> **Entries supplied**

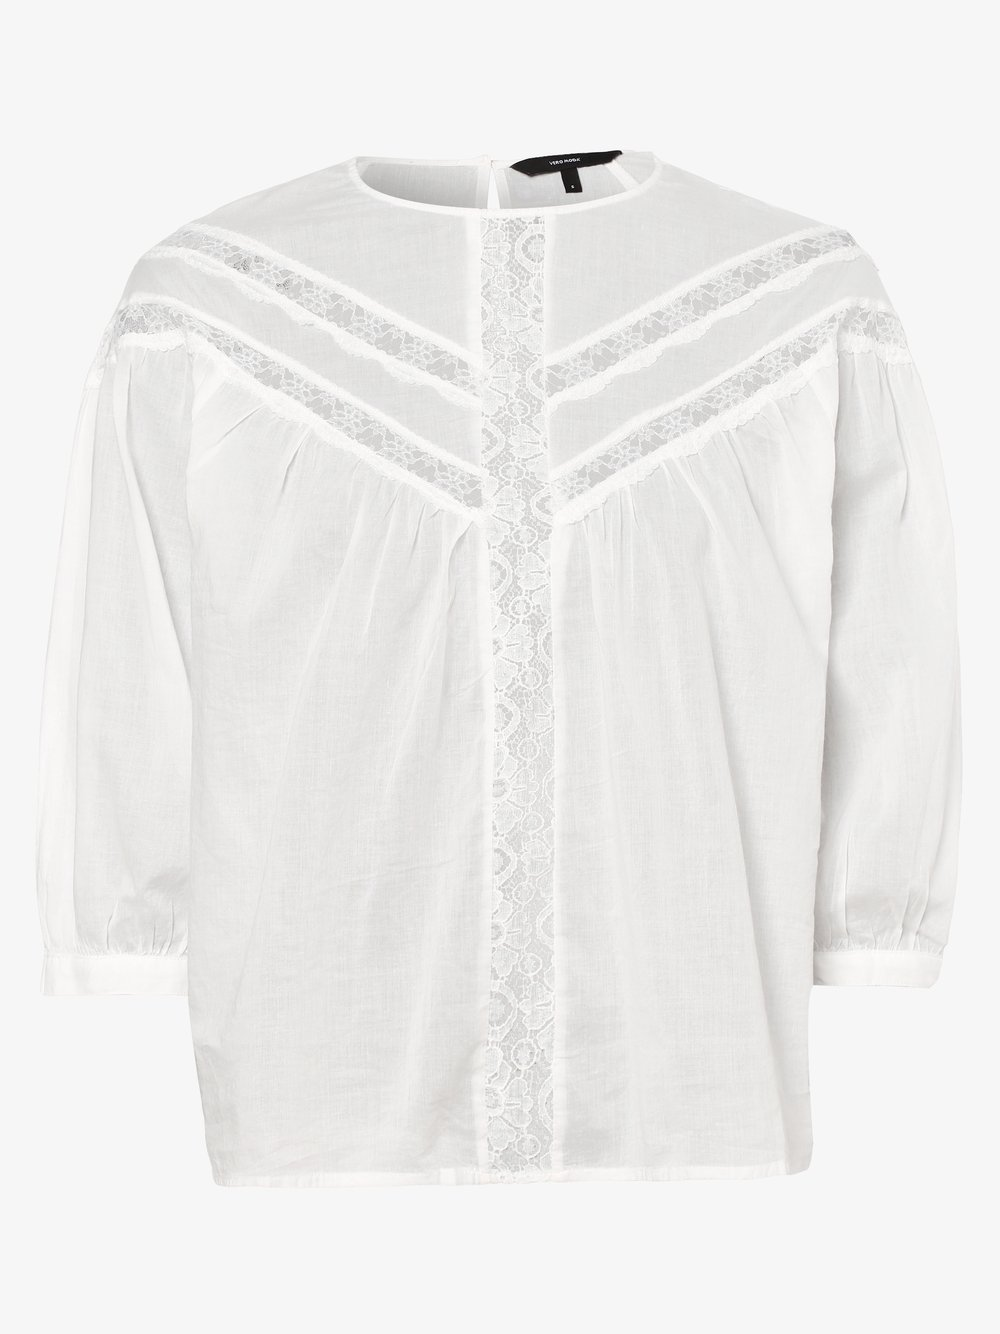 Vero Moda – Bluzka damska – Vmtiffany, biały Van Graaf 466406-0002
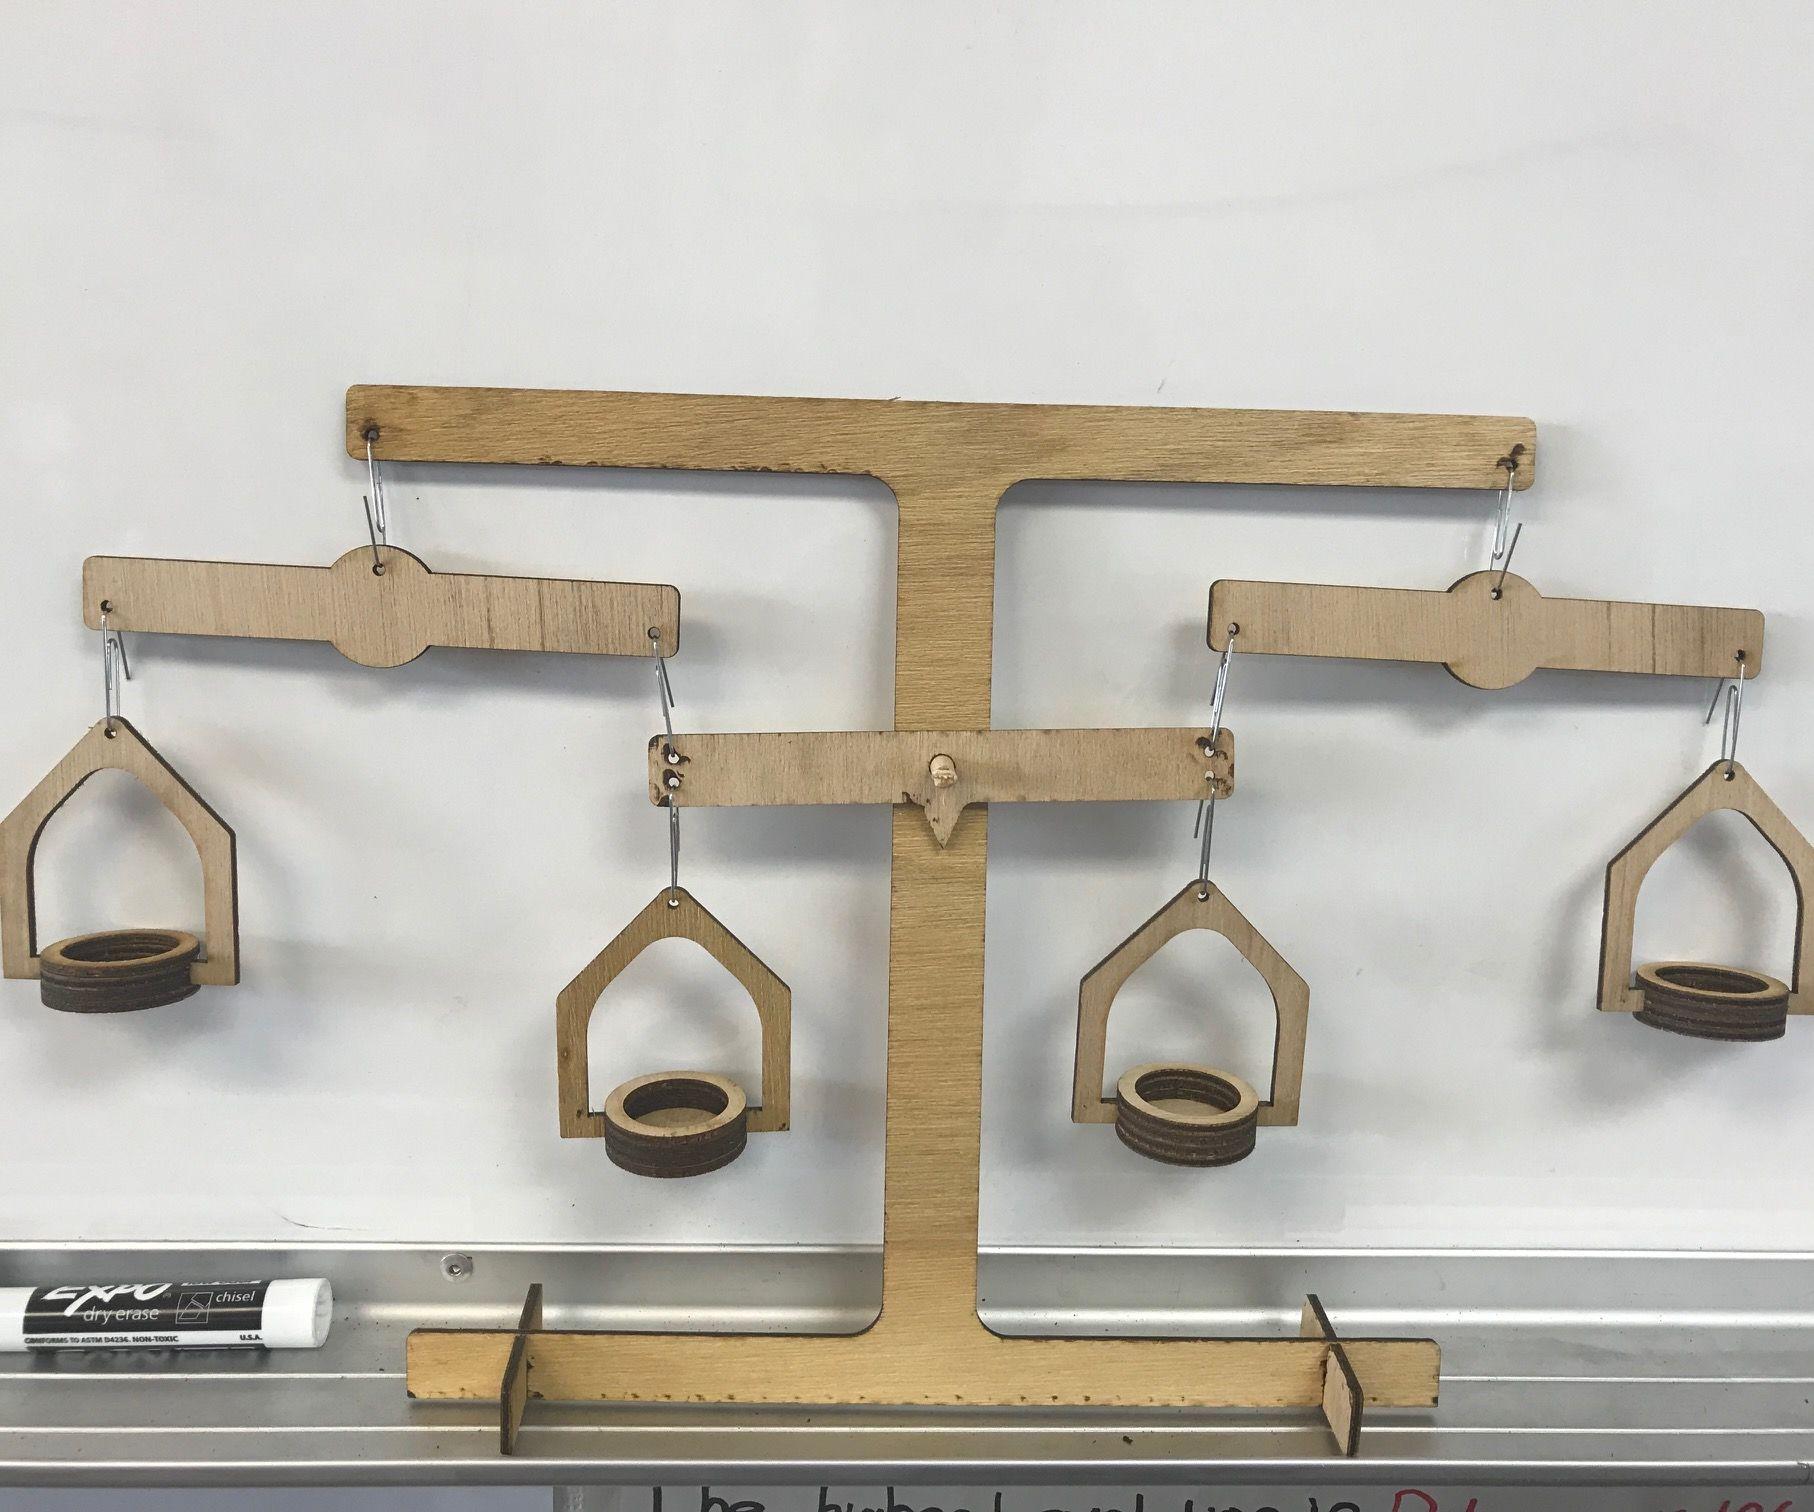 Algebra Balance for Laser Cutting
...
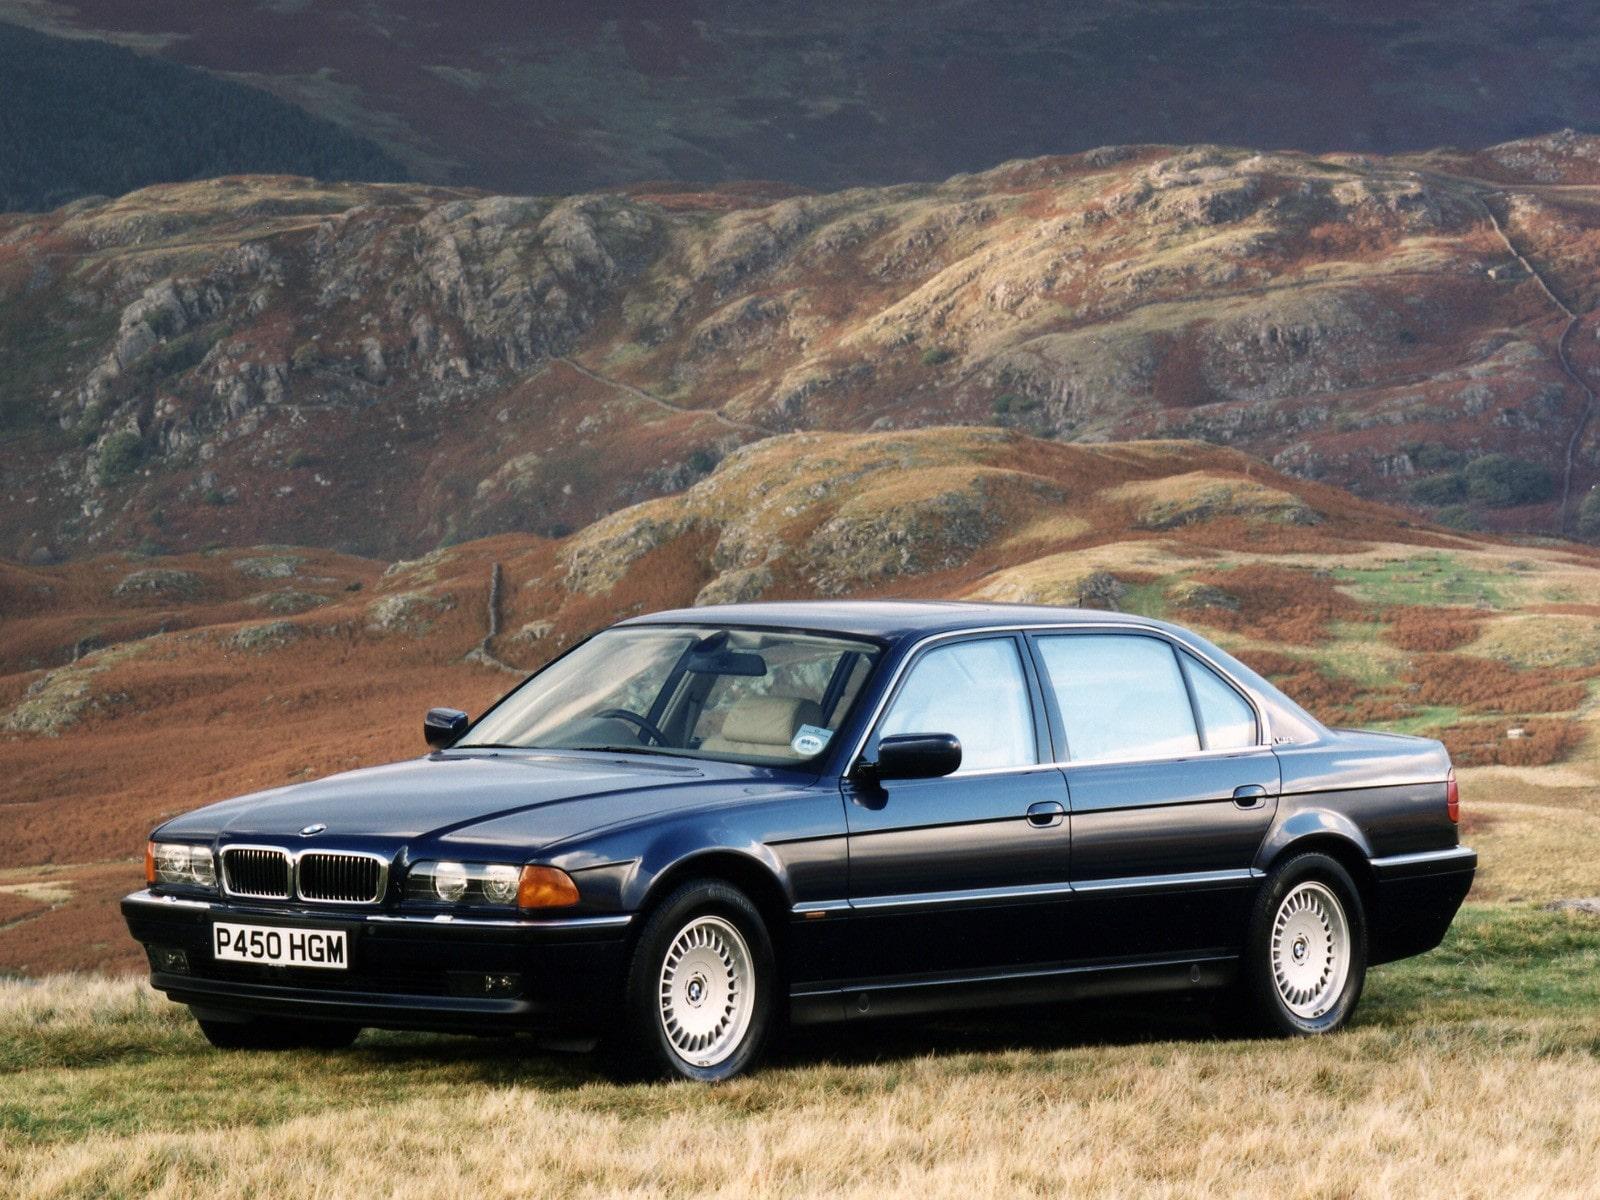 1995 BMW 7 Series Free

> **Exercise prompt**
I'd like the lines above repeated exactly, from the one that contains "Vero Moda –" through the one that contains "Algebra Balance for Laser Cutting", with no pictures.

> **Answer space**
 Vero Moda – Bluzka damska – Vmtiffany, biały Van Graaf 466406-0002
 Algebra Balance for Laser Cutting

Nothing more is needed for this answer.